In Metropolitan Regional Council of Carpenters (Forcine Concrete), the Board addressed  an unfair labor charge based upon a YouTube video that showed the Union Representatives, who were disguised as “Inspectors,” asking questions of Hispanic employees of the non-union firm regarding their immigration status, how long they worked for the contractor, and how much they were paid.  The video was viewed 28,961 times and received 211 comments.  Later, the Carpenters Union linked the YouTube video to its Facebook page.

Although the Administrative Law Judge found that the video showed that the Union “questioning was done in a very intimidating manner” and prevented the non-union firm’s men from working, he ruled that the Carpenters Union did not violate the employees’ Section 7 rights.  Curiously, the Judge ruled that while the employees were undoubtedly restrained and coerced they were not restrained and coerced in exercise of their Section 7 rights.

The ALJ ruled that Section 7 protects an employee’s right to both engage in or refrain from certain conduct.  The Judge ruled that in order to refrain from certain conduct “employees must be presented with a choice as to whether to engage in activity or not.”  Here, the Judge found that the workers were not confronted with a choice to engage in activity or not.
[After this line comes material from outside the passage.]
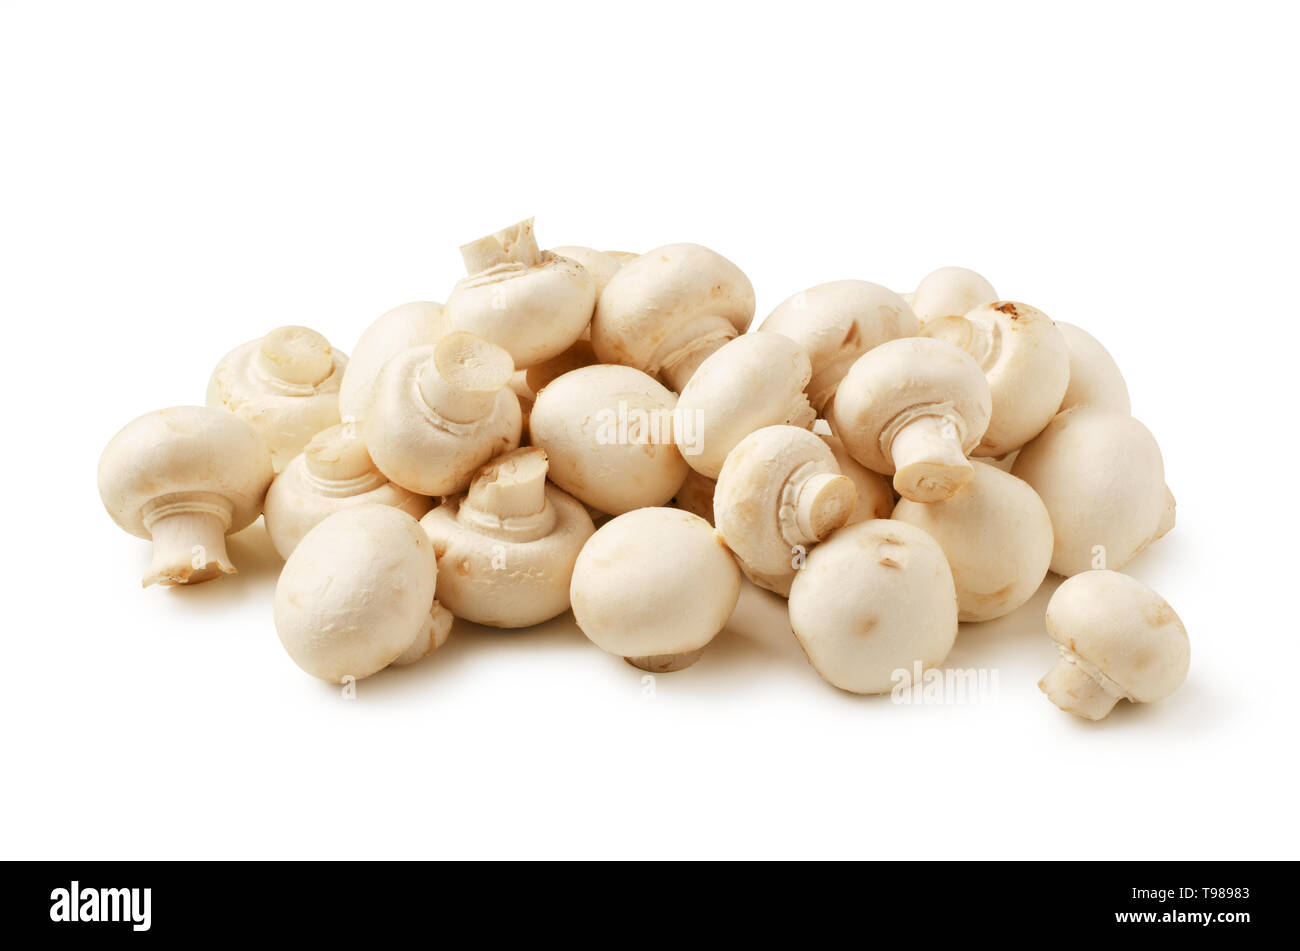 Mushrooms champignon isolated on white background Stock Photo

While the Union’s actions may not be a Section 8(b(1)(A) violation, how about 8(b)(4)?  Clearly the purpose of the union video tapping the Hispanic employees was to encourage those individuals to refuse to work for the non-union employer. This decision is another victory for unions and the questionable tactics often employed by organized labor and one that merit based firms and neutral secondary employers should obvously be concerned about.